Data Set Review: Average Weekly Hours Worked in the St. Louis Area

This dataset on average weekly hours worked by private employees in the St. Louis metropolitan area was made by Trading Economics, but the original data comes from government sources like the Federal Reserve’s FRED database and the U.S. Bureau of Labor Statistics. These organizations collect employment data through surveys and reports from businesses. The purpose of compiling this data is to help researchers, businesses, and policymakers understand labor trends and overall economic conditions. It has been used for economic research, forecasting, and news reporting. The dataset is available online in graph form and can also be downloaded as a spreadsheet.

The data itself is structured in a simple way, mainly focusing on the date and the average number of hours worked each week. This makes it useful for looking at trends over time, such as whether people are working more or fewer hours during certain months, years, and periods of time. However, because the dataset only focuses on averages, it does not show differences between industries, job types, or worker demographics. This could affect how the data is interpreted since part-time and full-time workers are included in the same average.

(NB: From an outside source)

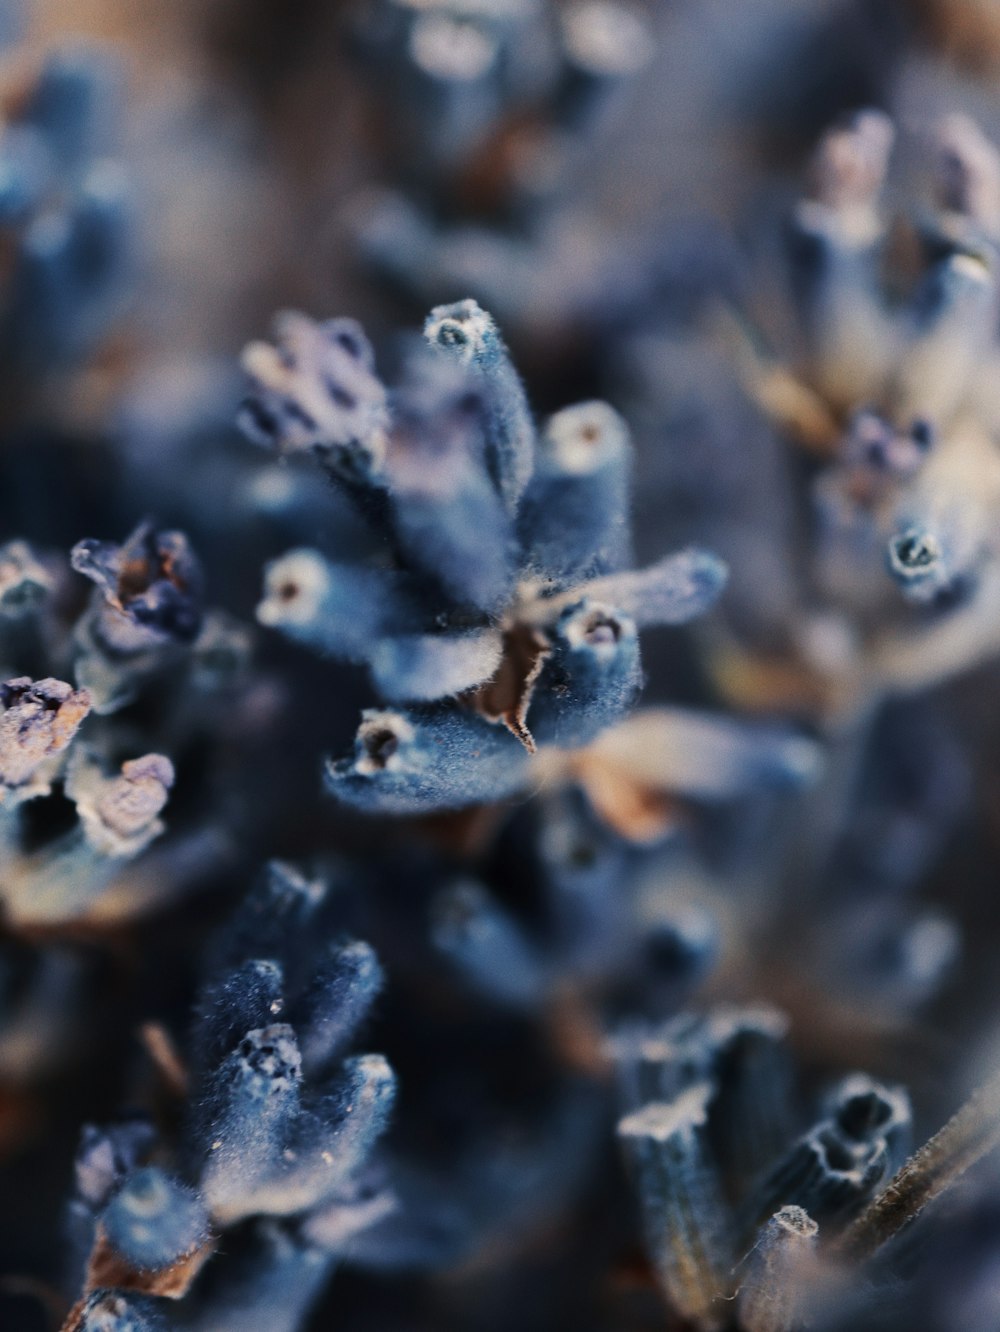 a close up of a bunch of blue flowers
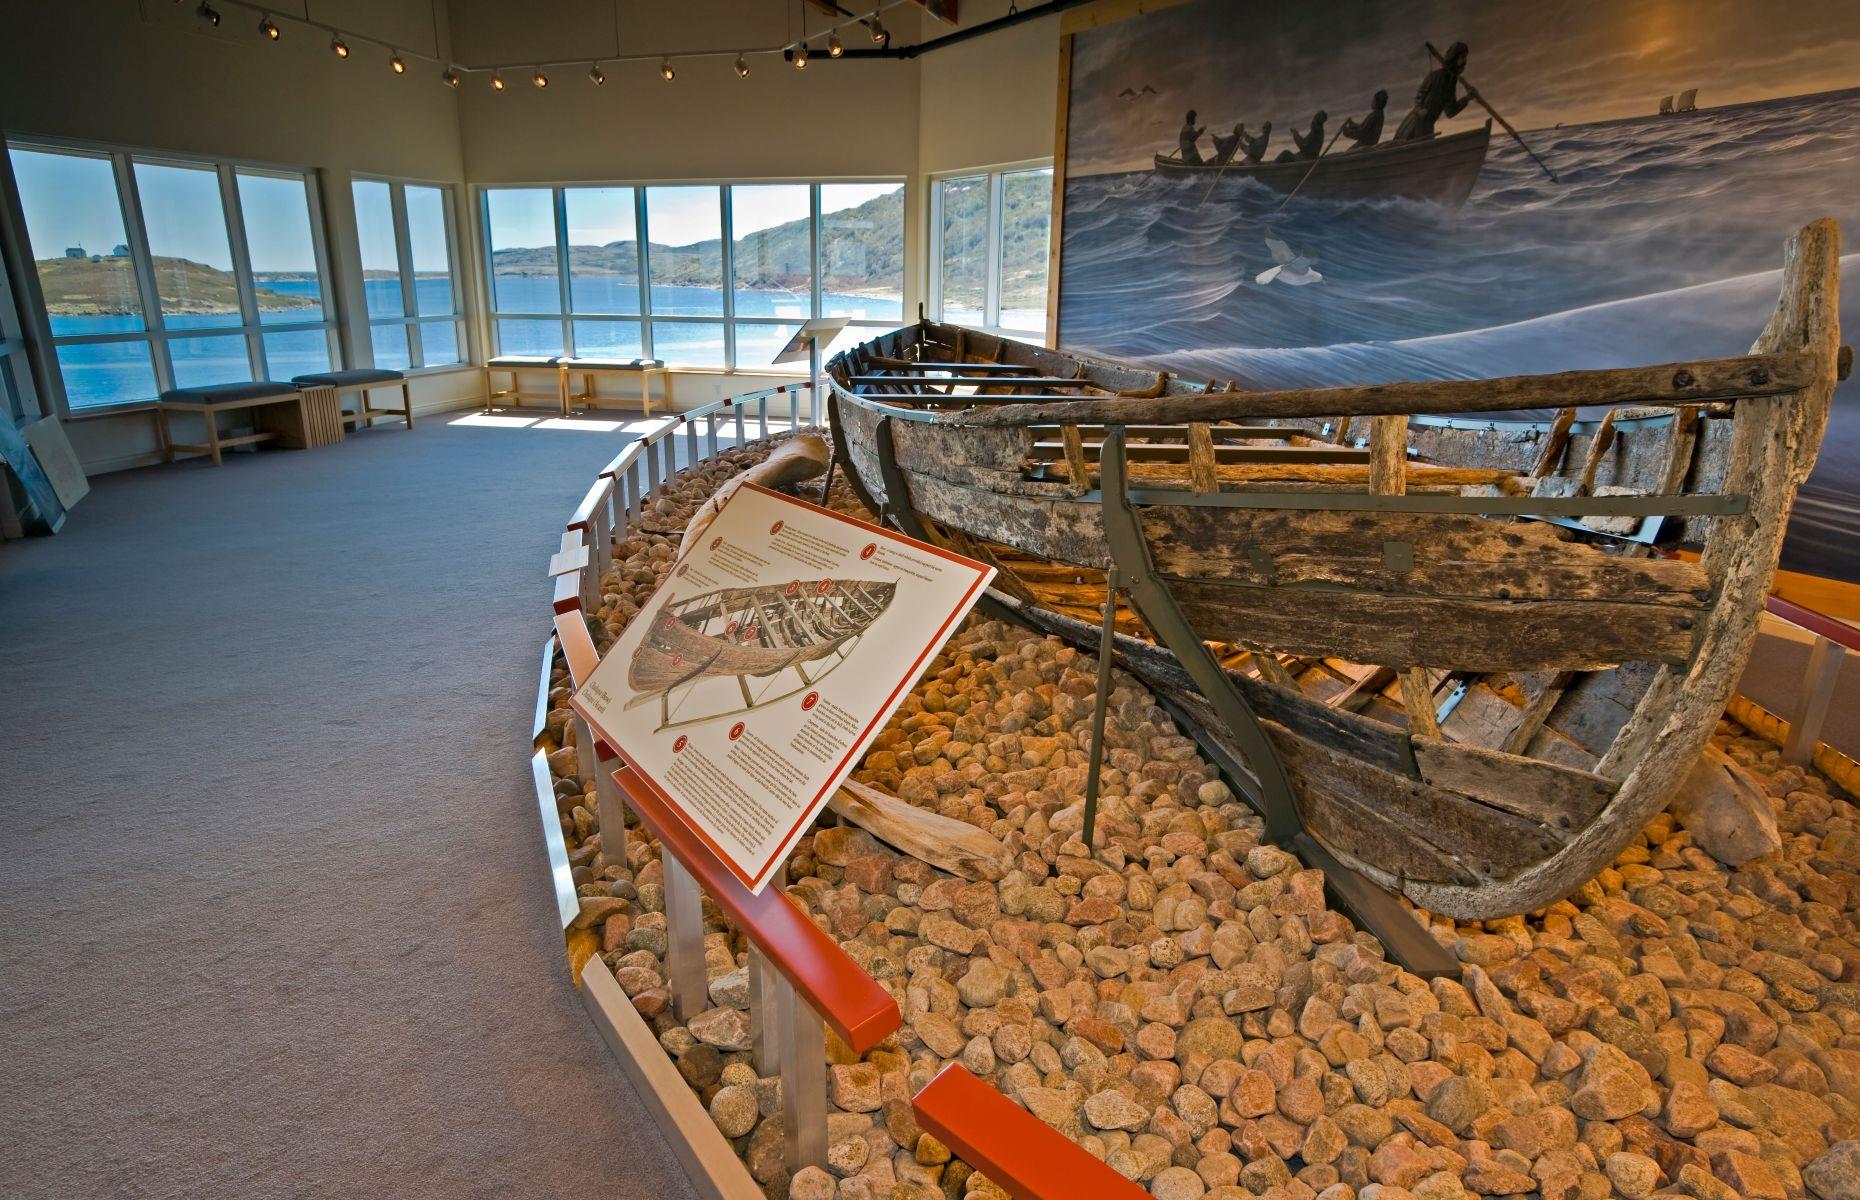 <p>Spanish and French pioneers on the Newfoundland coast discovered that its waters were thick with whales, and established a port at Red Bay to handle carcasses and process valuable whale oil. The gruesome trade has now been consigned to history, but the modern village has a whaling museum that includes a surprisingly small chalupa that's North America's oldest known whaling boat. The vessel spent 400 years at the bottom of Red Bay before it was recovered by maritime archaeologists, and is dwarfed by whale bones elsewhere in the museum.</p>

The creators mention that the data has been standardized and sometimes seasonally adjusted to make comparisons easier. While this helps make the data cleaner and more consistent, it may also hide unusual spikes or drops that could be important for understanding real economic changes. The goals of the organizations involved also shape the dataset. Government agencies focus on measurable indicators like hours worked because they are important for tracking employment and productivity. Trading Economics then decides how to present the data, which can influence what users focus on.

I would use this dataset to study economic trends in the St. Louis region, especially how working hours change during recessions or periods of growth. I would also look at why fewer hours are worked in certain months of the year vs others. Overall, the dataset is useful, but it should be used carefully because it simplifies complex labor patterns into one average number. It also doesn’t account for certain factors, like part-time vs full-time employees.